View larger version (24K): [in this window] [in a new window]   FIG. 6. Mapping internal U3 att site sequences required by IN for full-site integration. AMV IN (8 nM and 16 nM) was assembled with 10 ng of each single-ended att DNA substrate at 250 mM NaCl. The samples were taken for strand transfer activities (5 min) at 37 °C and the products were analyzed on agarose gels. Only the 8 nM full-site products are shown as a bar graph above each att DNA substrate identified at the bottom of the graph. The top part of the figure identifies the first 20 nucleotides on wt U3 with only the 3'-OH-recessed catalytic strand sequences shown. Only the sequences for wt, 7 C/A, deletion 8–12, and deletion 12–15 are shown. The dashed line in the att mutants indicates no change in the sequence relative to wt sequences. The assembly mixtures at 8 and 16 nM IN were also subjected to DNase I footprinting.
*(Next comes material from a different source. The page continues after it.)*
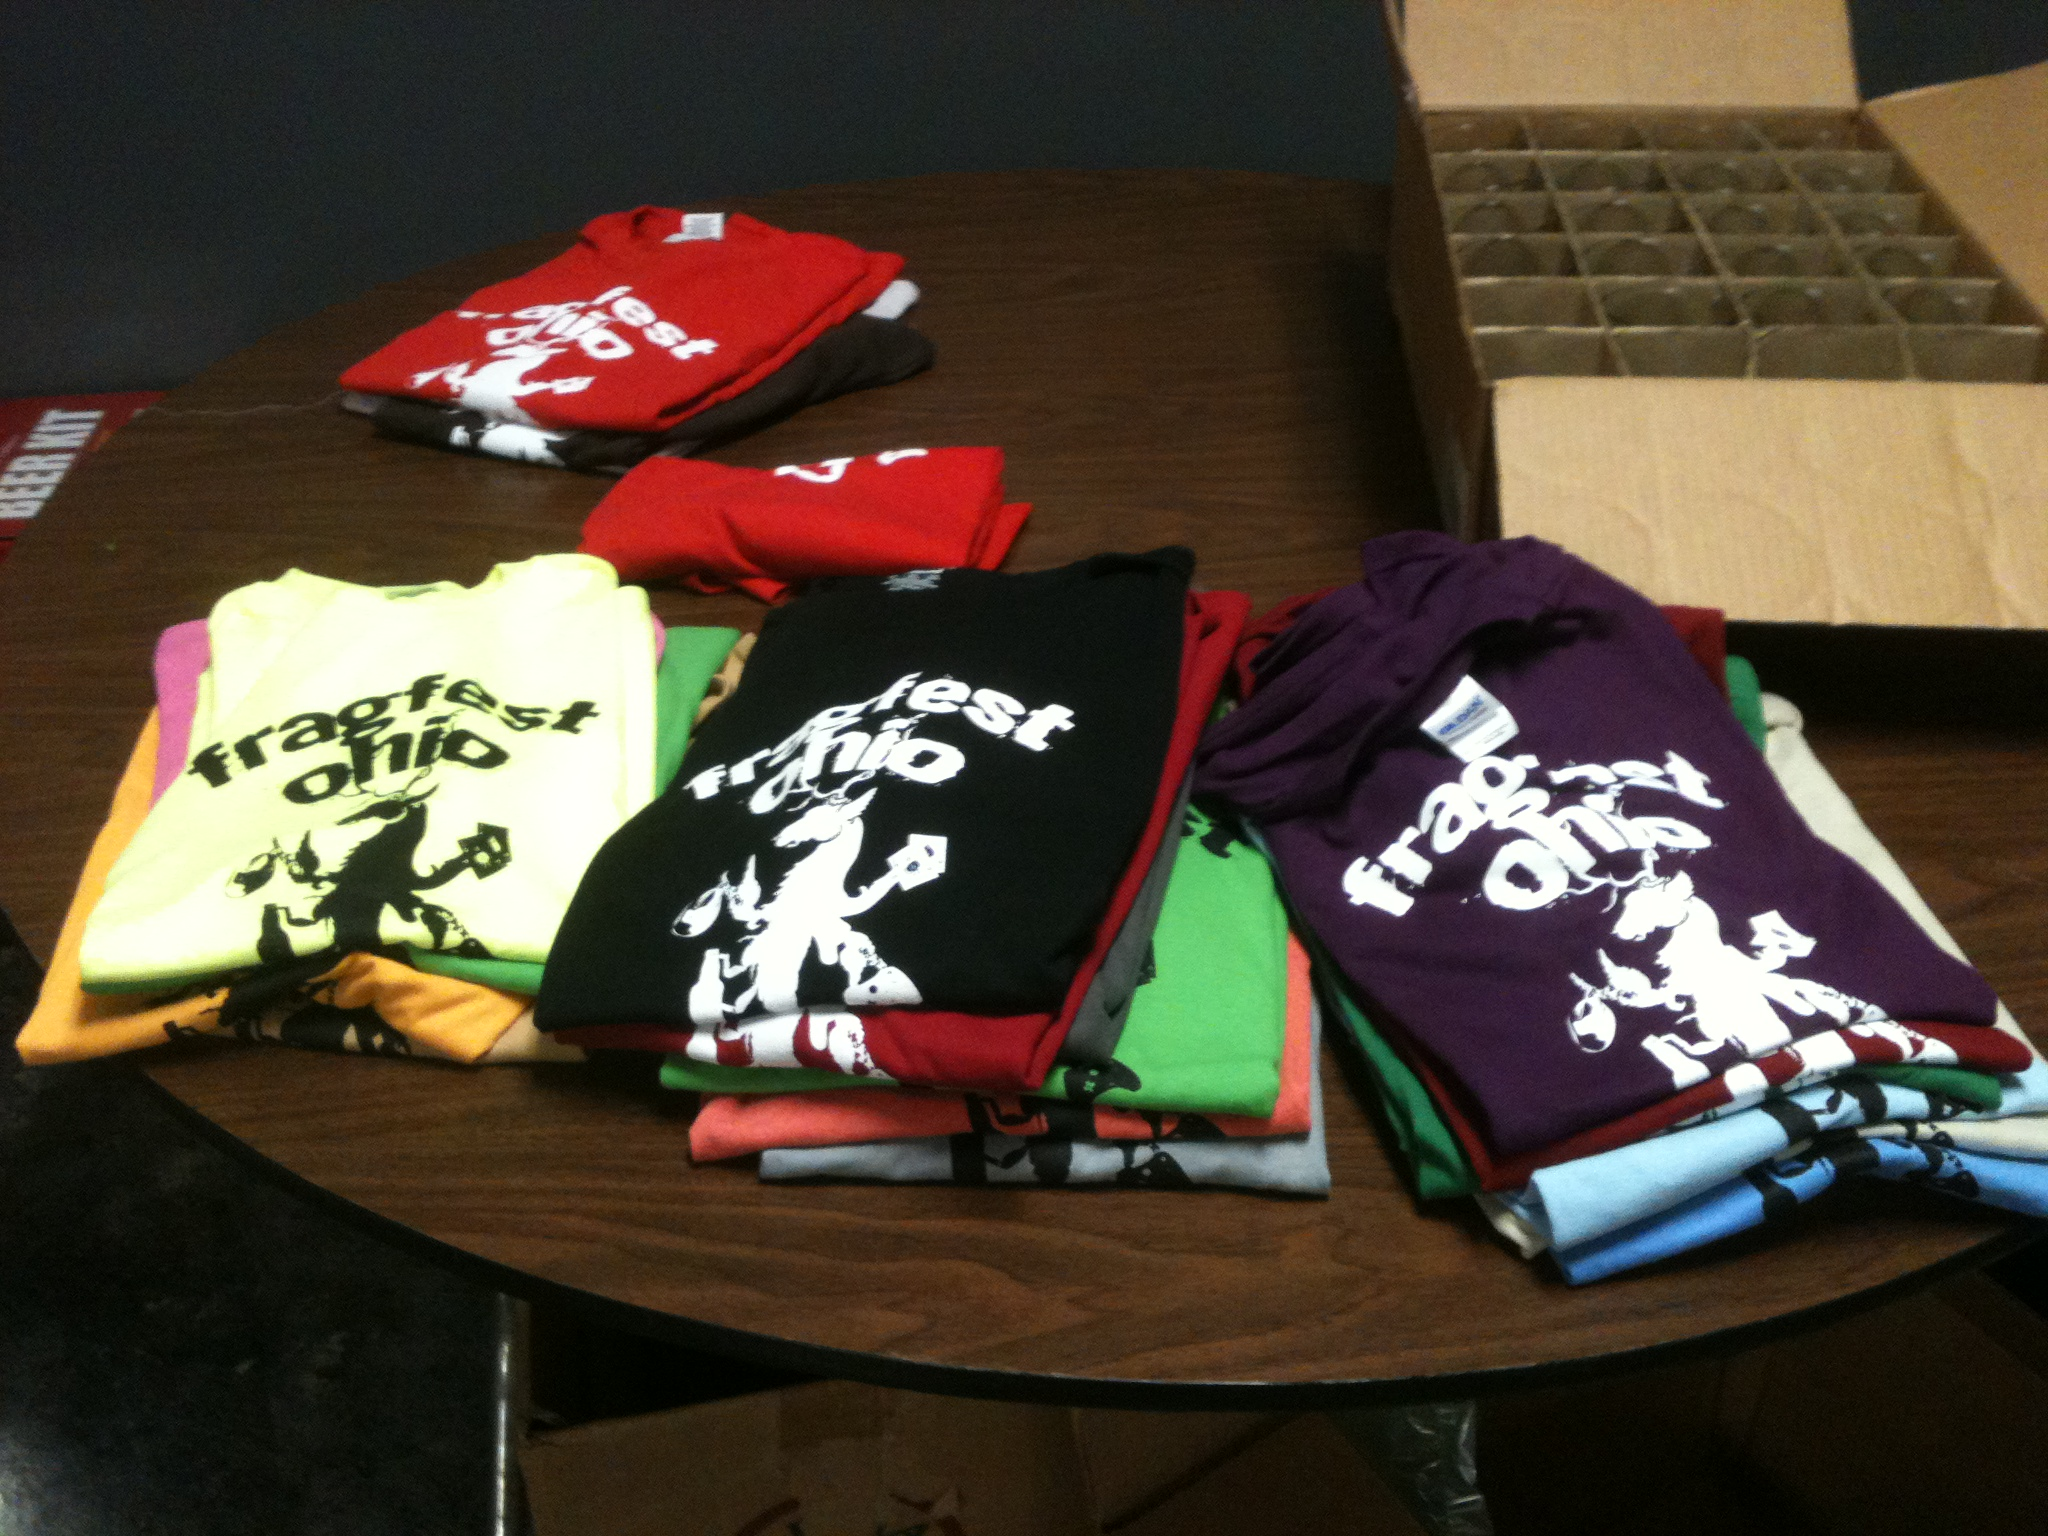 ff2013shirts.jpg

We wanted to determine whether there was a direct relationship between full-site integration activity and the 20-bp DNase I footprint with certain att site sequences. The concentrations of IN were varied from 4 to 12 nM. After assembly, strand transfer analyses were performed on wt U3 and the 7 C/A, deletion 8–12, and deletion 12–15 mutants (Fig. 7A) with the results being similar to that previously observed (Fig. 6). DNase I footprint protection of att site sequences by IN with the outer boundary mapping at 20 bp from the end (Fig. 7B) paralleled the observed full-site integration activities. IN protected wt U3 att sequences up to 20 bp (Fig. 7B, lanes 4–7) but no protection was observed with the 7 C/A mutant (Fig. 7B, lanes 8–11). Partial or more complete protection of att sequences in the deletion 8–12 mutants at the higher IN concentrations was observed (Fig. 7B, lanes 12–15). The deletion 12–15 mutant (Fig. 7B, lanes 16–19) possessed the same footprint and strand transfer activities as wt U3.
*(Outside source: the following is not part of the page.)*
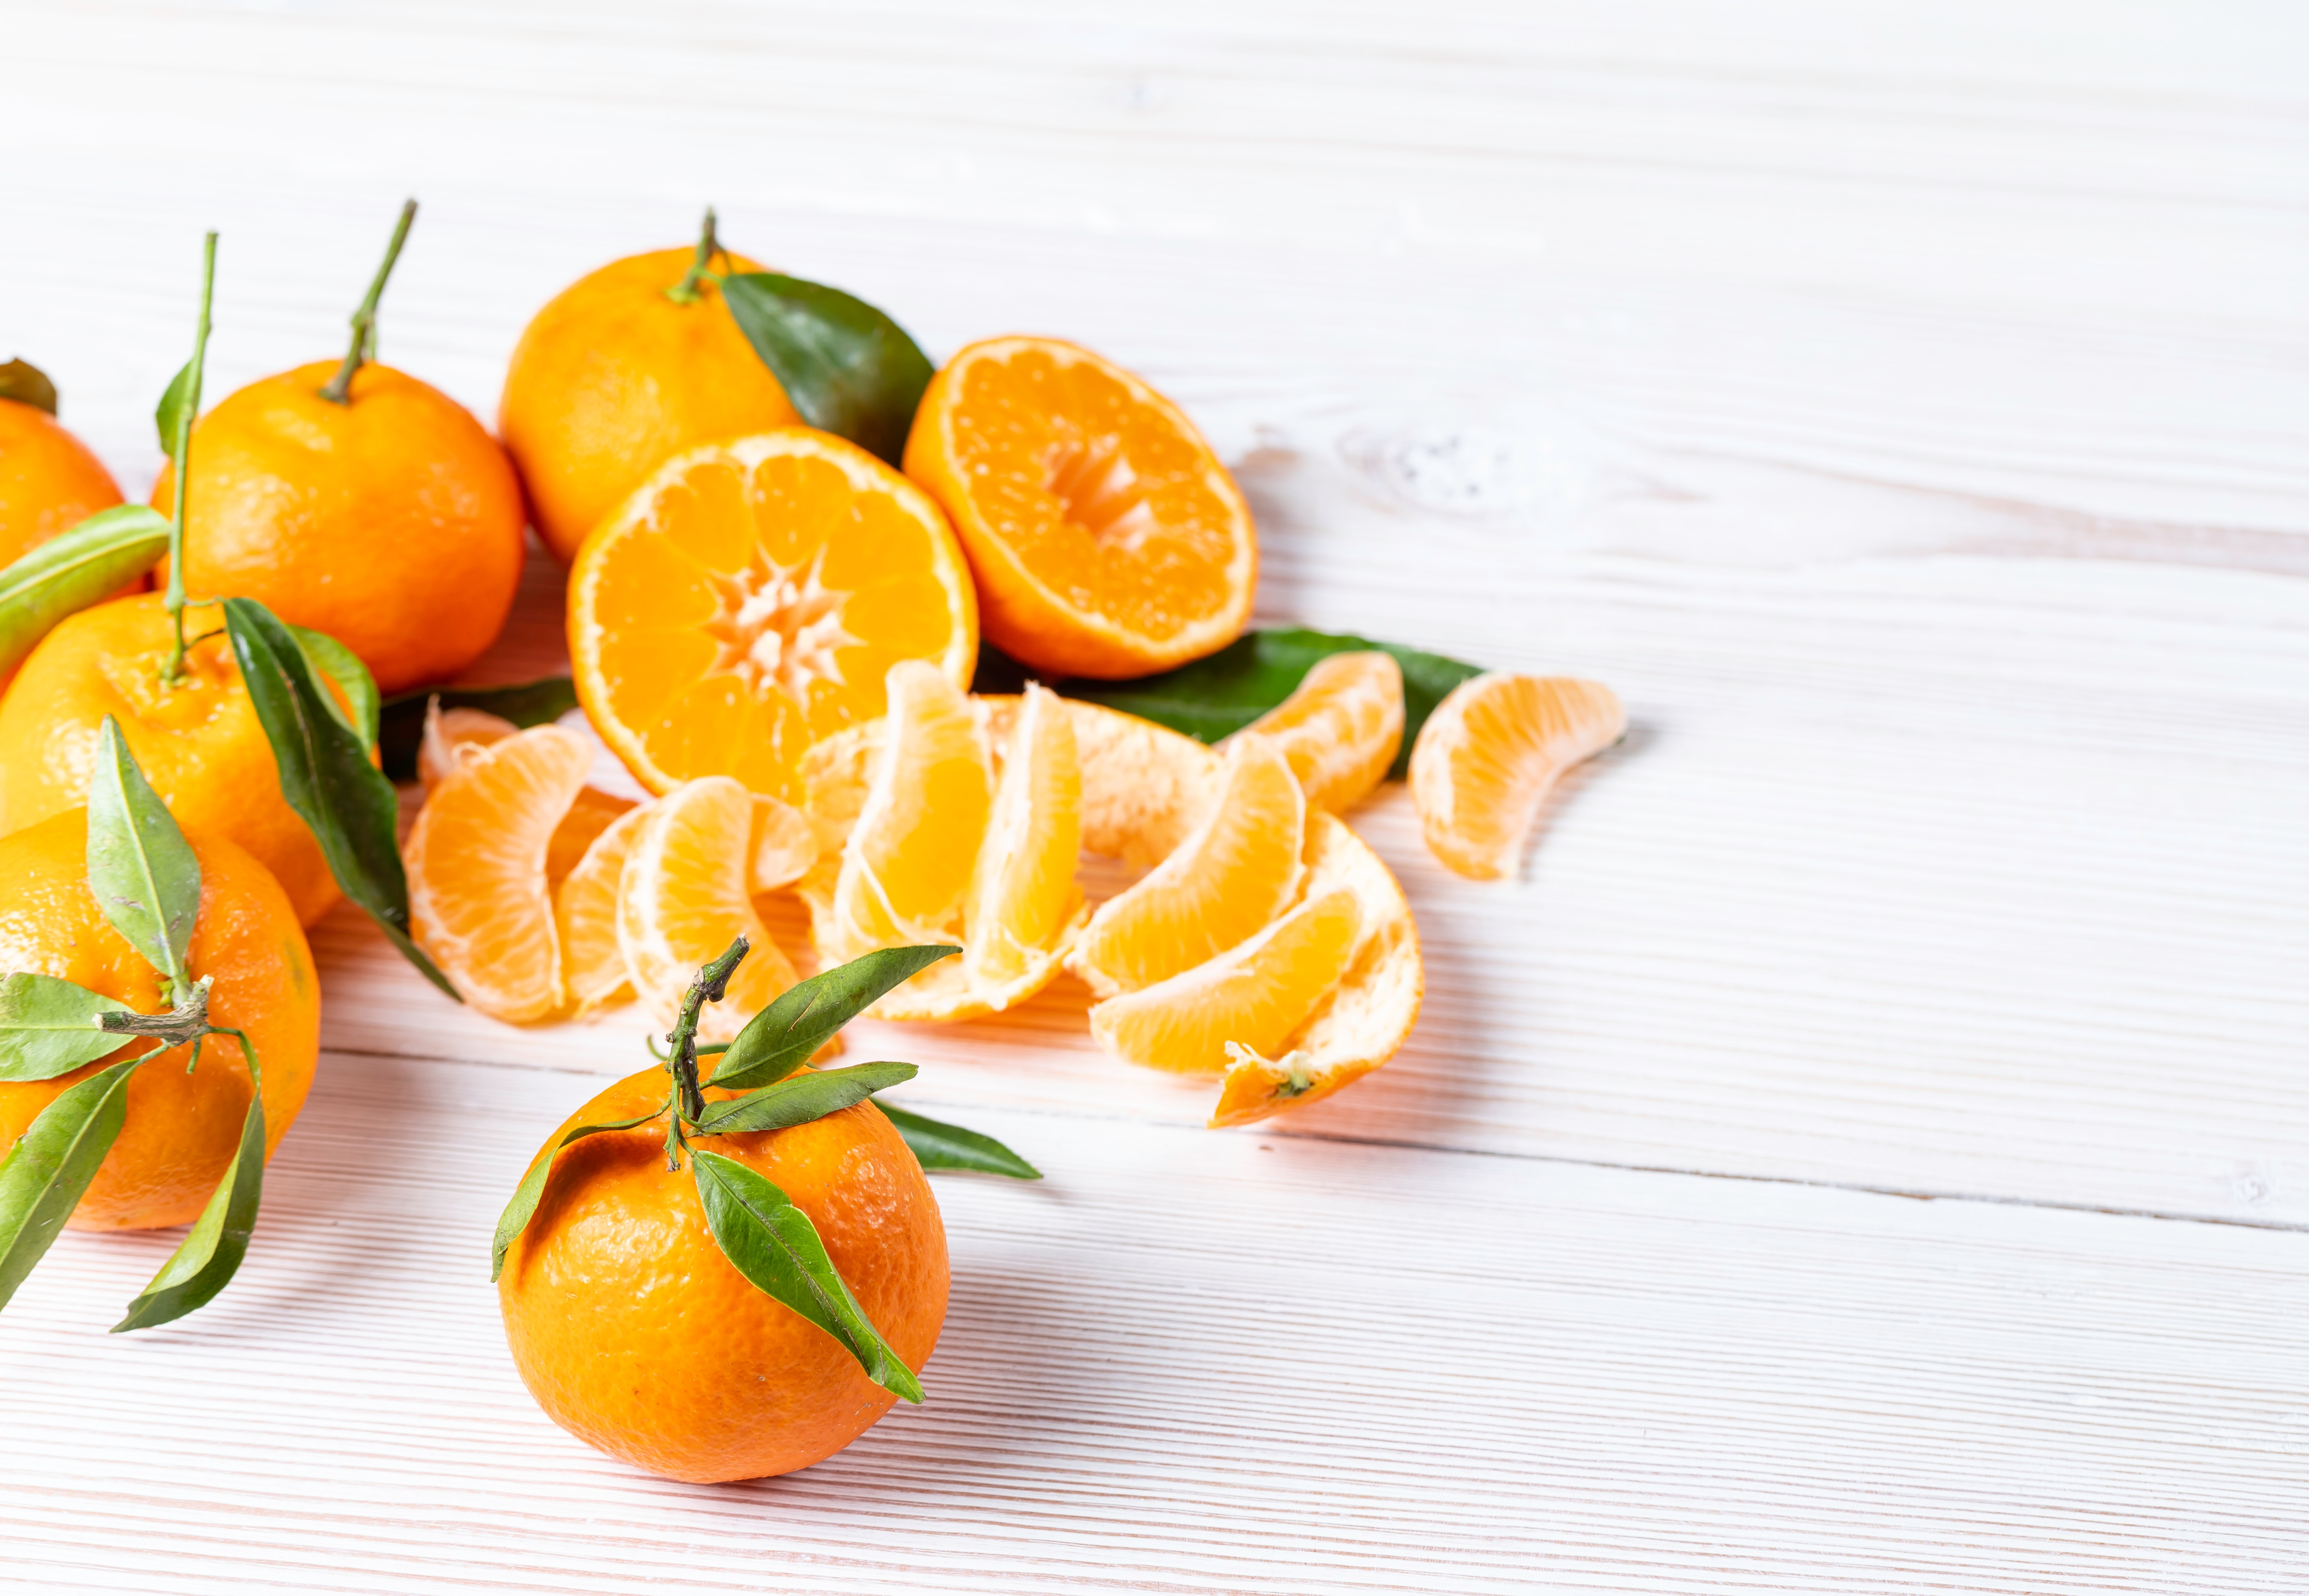 Mandarini al cioccolato fondente

View larger version (41K): [in this window] [in a new window]   FIG. 7. Mapping internal U3 att site sequences required by IN for 20-bp DNase I footprint protection. A,wtU3 and mutants 7 C/A, deletion (del) 8–12, and del 12–15 were assembled at 250 mM NaCl with varying IN concentrations at 14 °C. After assembly, aliquots from each reaction were subjected to strand transfer for 5 min at 37 °C. The DNA products were analyzed by agarose gel electrophoresis and the quantities were determined by a PhosphorImager. The % donor incorporated into half-site and full-site products are indicated on the left. B, the same assembled mixtures described above in A were also analyzed by DNase I footprinting. A set of four lanes each were used for wt (lanes 4–7), 7 C/A (lanes 8–11), del 8–12 mutant (lanes 12–15), and del 12–15 mutant (lanes 16–19). The letter C at the top identifies the donor digested with DNase I without IN, whereas the triangle indicates increasing concentrations of IN in each set at 4, 8, and 12 nM, respectively. Lane 1 (Neg.) is input wt U3 DNA not treated. The G/A and C/T markers are in lanes 2 and 3, respectively. Only the markers for wt U3 are presented and marked. The 20-bp footprint boundary for wt U3 is marked by a rectangle on the left and on the right, for the del 12–15 mutant. The del 12–15 mutant experiment was performed on a separate gel and the data were placed at the appropriate location on the shown gel. C, the samples in Fig. 6 measuring full-site integration were also examined by DNase I footprinting. The del 15–18, del 18–22, and 20–26 mutants are shown here. For each mutant, the input DNA (Neg.) and G/A and C/T markers are shown in lanes 1–3, 7–9, and 13–15, respectively. The naked DNA (C) treated with DNase I without IN and with 8 and 16 nM IN present are shown in lanes 4–6, 10–12, and 16–18, respectively. The triangle indicates increasing IN concentrations. Only nucleotides 8 and 20 for the del 15–18 mutant are marked on the left along with a rectangle marking the outer boundary footprint at 20 bp for all three samples.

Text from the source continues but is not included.